§ **ABOUT THIS EXERCISE**
In the listing below, the lines starting with the line with "设计感十足的实木大板桌" and going on through the line with "Fender Tele Gold" are to be reproduced exactly, and only those.

§ **DATA FOR THE TASK**
-*-*-
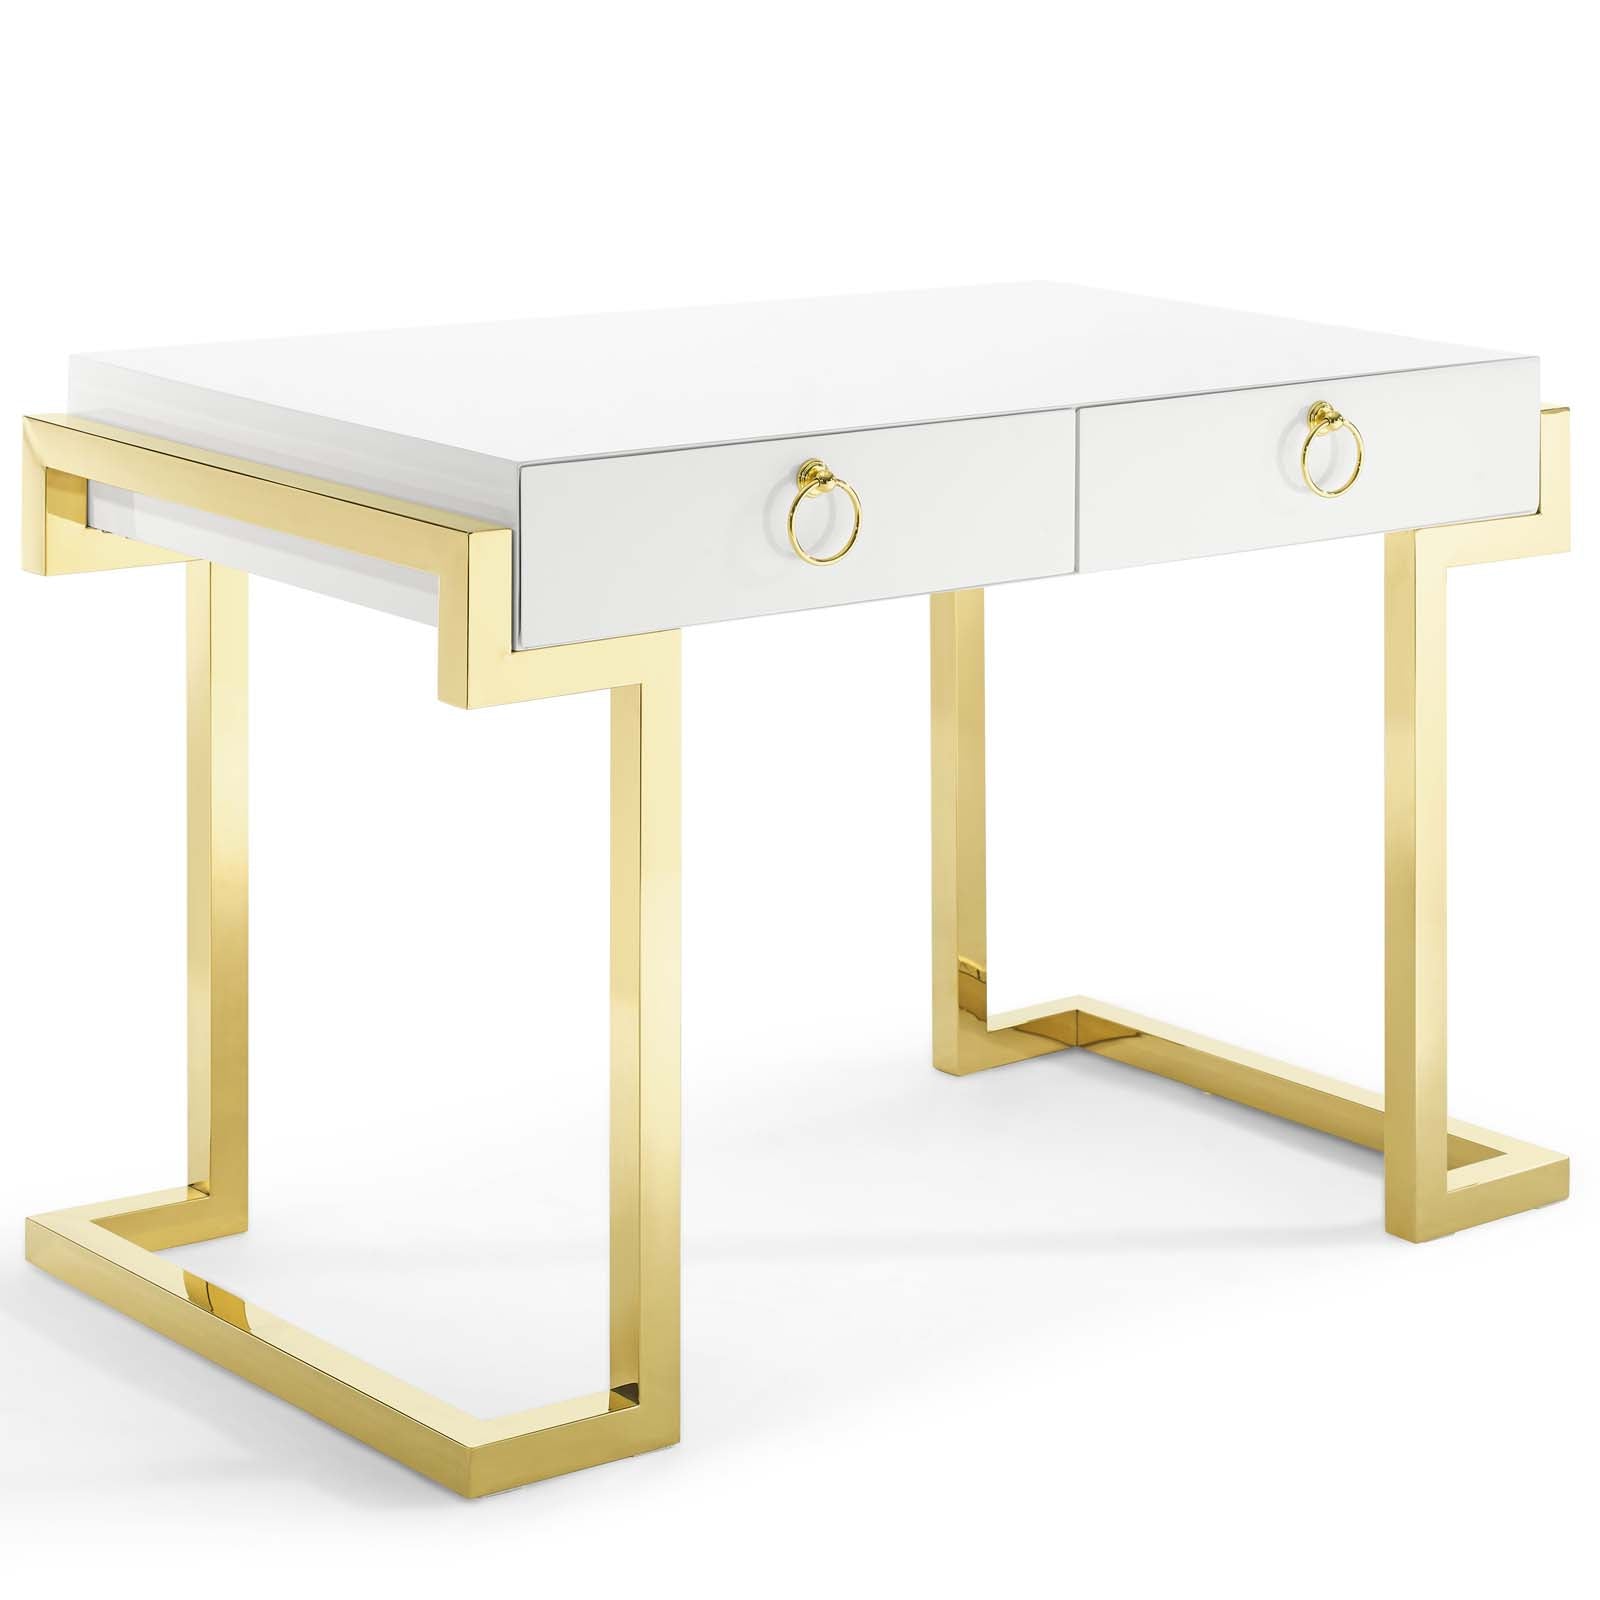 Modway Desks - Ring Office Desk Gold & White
-*-*-
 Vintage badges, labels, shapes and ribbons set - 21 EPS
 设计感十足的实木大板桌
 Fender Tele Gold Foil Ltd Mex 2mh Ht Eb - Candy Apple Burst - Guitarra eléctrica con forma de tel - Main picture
-*-*-
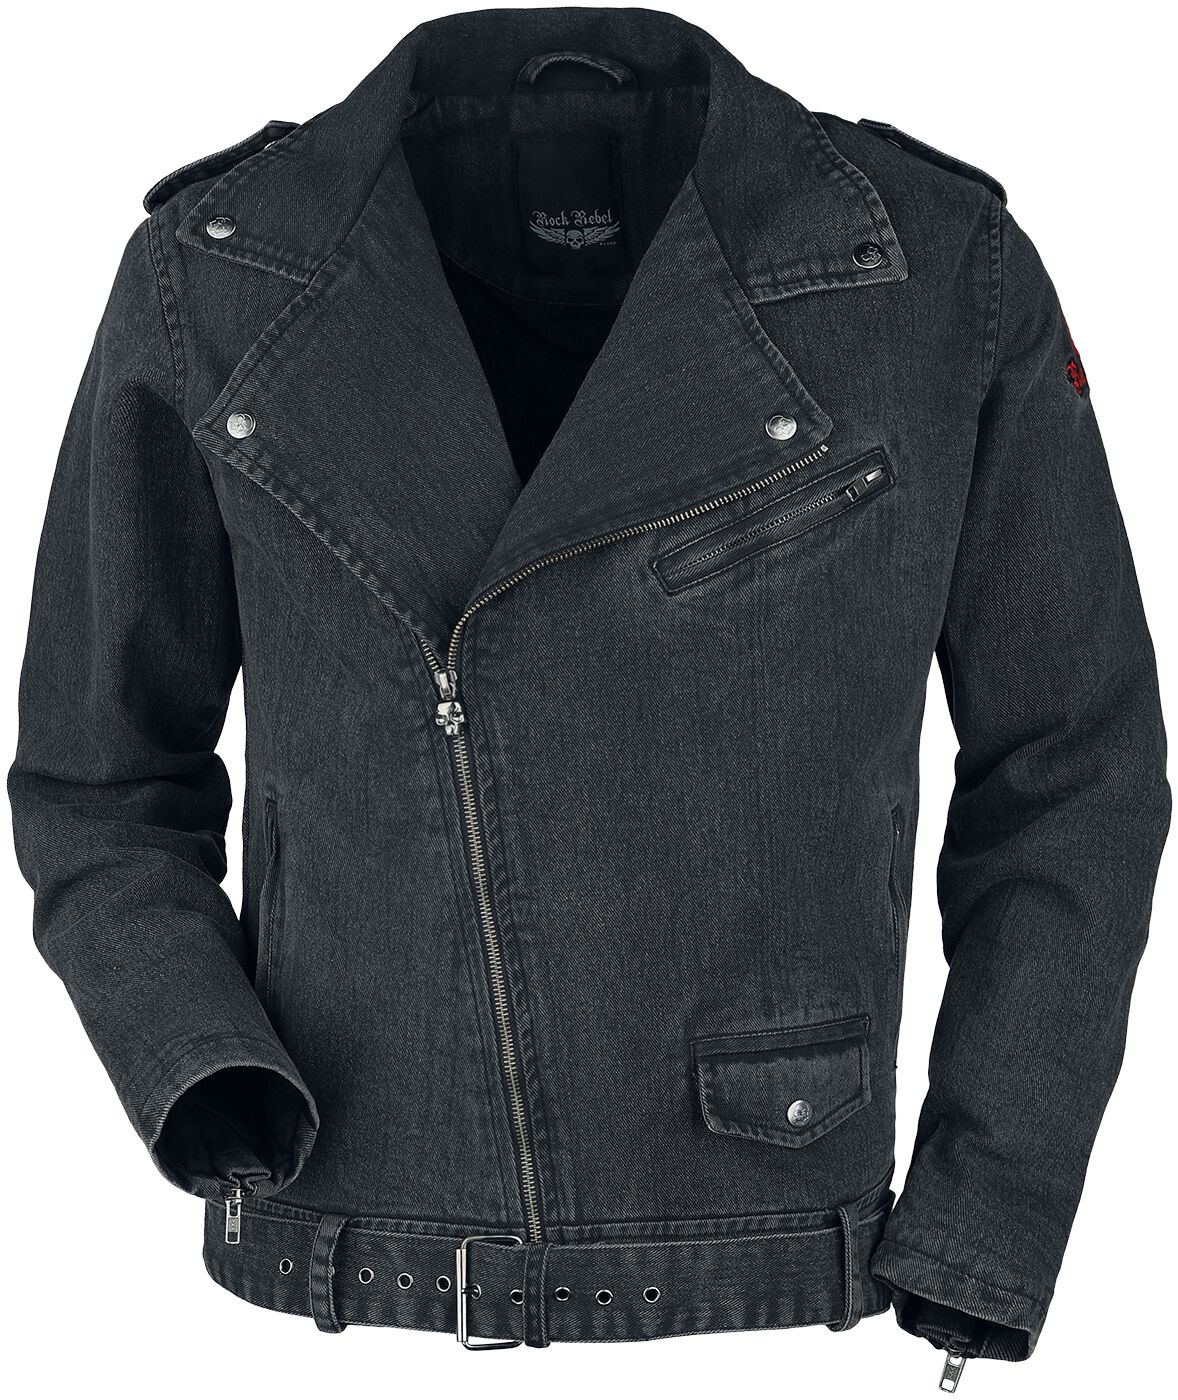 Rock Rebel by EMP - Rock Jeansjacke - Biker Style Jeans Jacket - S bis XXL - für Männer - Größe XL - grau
-*-*-
§ **SOLVED PROBLEM**
 设计感十足的实木大板桌
 Fender Tele Gold Foil Ltd Mex 2mh Ht Eb - Candy Apple Burst - Guitarra eléctrica con forma de tel - Main picture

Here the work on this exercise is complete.